As professors I'd like to think we have greater obligation than seeing our next paycheck. We are part of a community that has been very generous to us, and I would like to think that we have some corresponding duties.
Thirdly, "we don't know everything" is not, and never should be, a barrier to discussion (which ideally recognizes its epistemic limitations). This seems trivially correct, but in case it isn't, consider what it would mean for our ability to discuss things like the attack in Syria, NAFTA, Obamacare, and any other social policy.
Posted by: Sdolovosky | 04/27/2017 at 07:27 AM
I don't want to weigh in here anymore than I already have on the intemperate nature of some of the interventions on this issue, but I do want to quarrel politely with Robert's characterization of me as a "tenure absolutist."
True, I do have tenure, I do defend tenure, I do belong to the AAUP and I support their advocacy of shared governance, academic freedom and tenure. I do think Whittier has (arguably as we don't know everything) breached the AAUP Statement on how one is obligated to deal with potential shutdown of an academic unit.
Having said that, California is a state that is unlike most other states - we allow non-law students to try to enter the bar (via mentoring) and we allow non-ABA accredited law schools to train future lawyers. In other words, we do not have a tenure-mandate for entry into the profession. I think that is a good thing and I have said that many times in the great law school debate. I think this open system with multiple access points to the bar is a fact that is (politely?) ignored by many critics of legal education.

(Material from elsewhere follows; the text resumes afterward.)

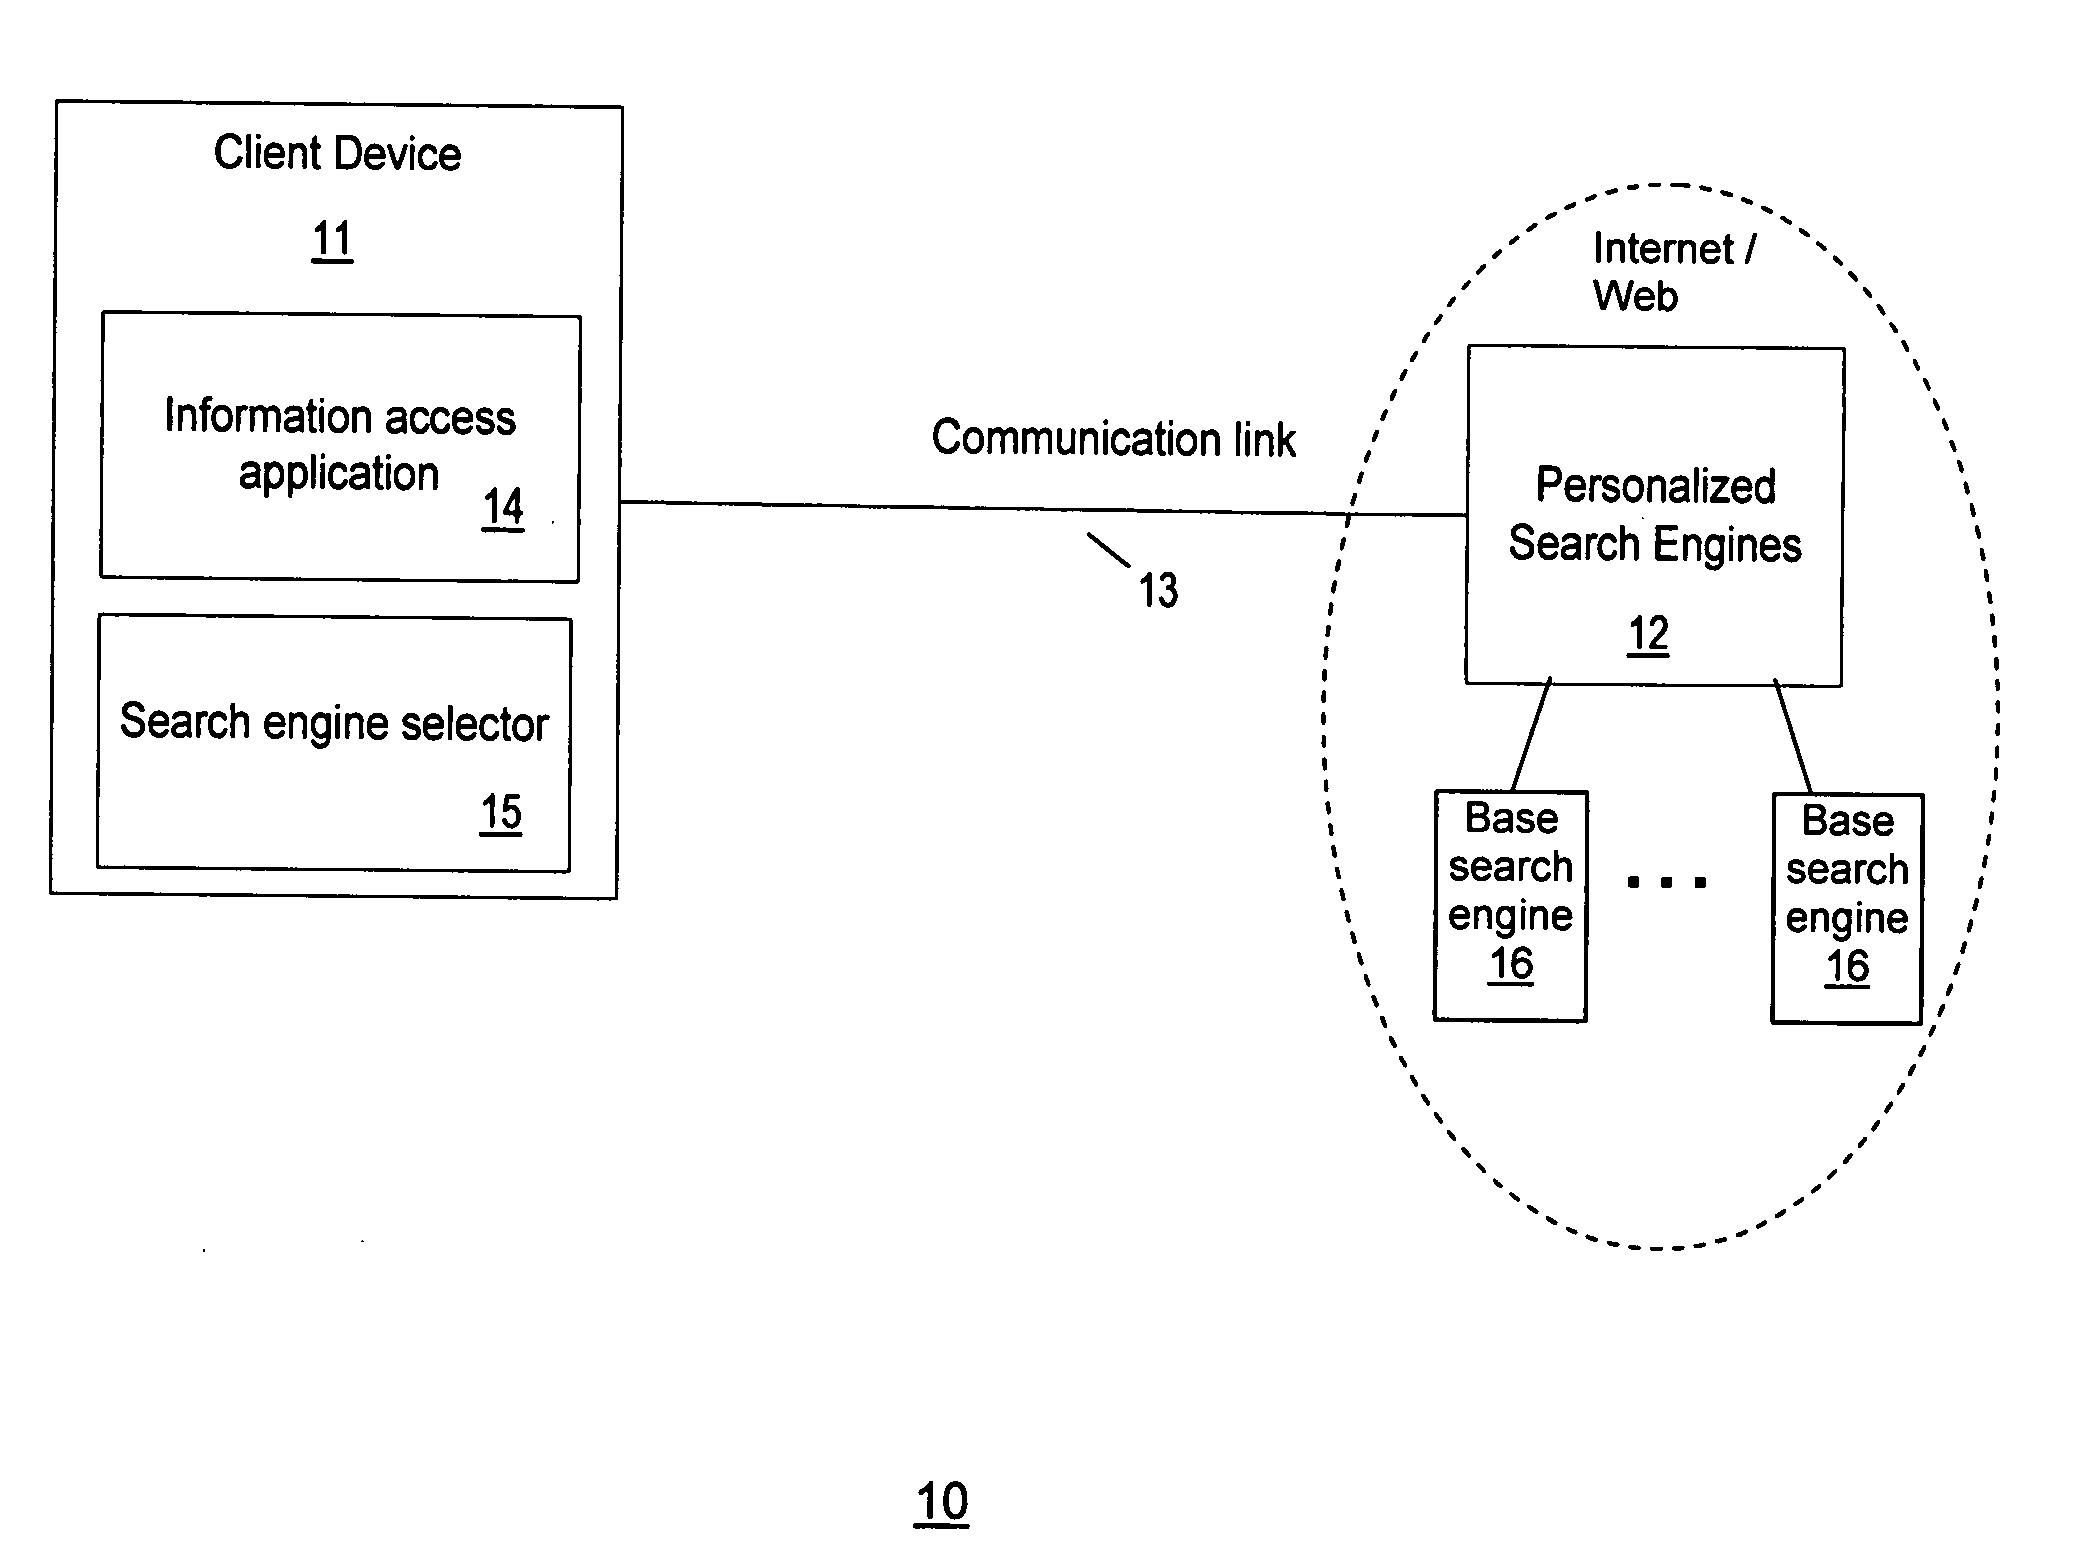 Method and system for selecting personalized search engines for accessing information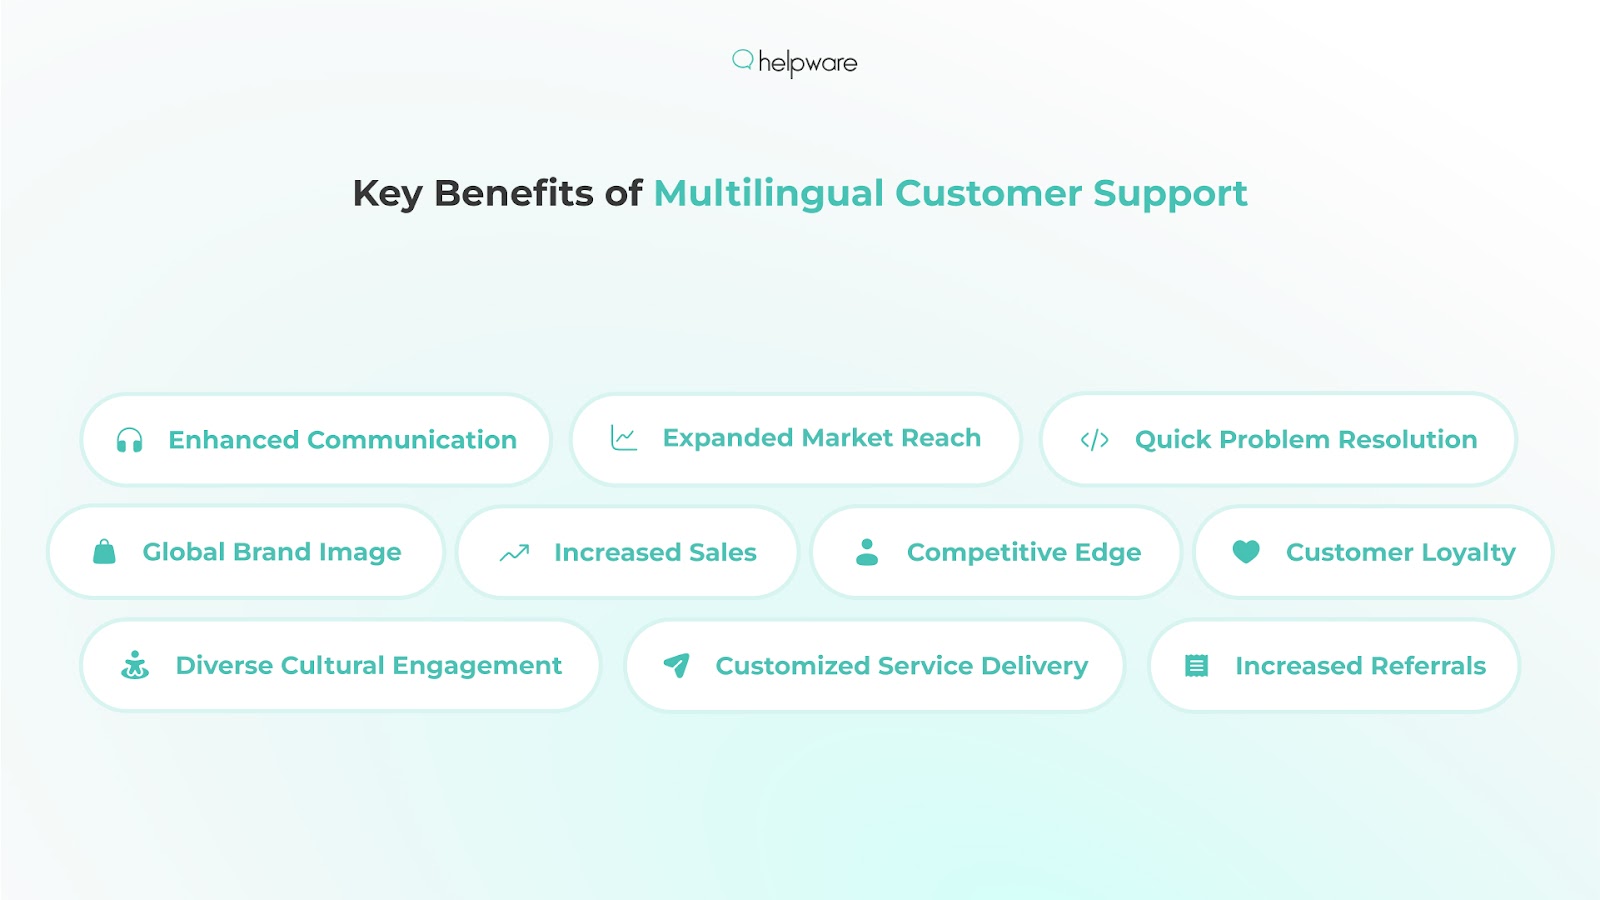 Key Benefits of Multilingual Customer Support

Can you succeed in California if you do not go to an ABA accredited school? It is hard but it is possible (I have only anecdotal evidence but it is persuasive.) It turns out that most aspiring lawyers prefer to go to an ABA- accredited law school. Thus, it is unfortunate if we are going to lose such a school. Ironically it probably helps my personal situation but I take no comfort from that fact.
We need to be moving in the other direction with greater affordable access to law school for our very diverse and large California population. I am concerned that a kind of cartel-like pressure may have been the thumb on the scales here where an arbitrary bar passage level combined with political (DOE, ABA, AALS?) intervention led to this troubling outcome.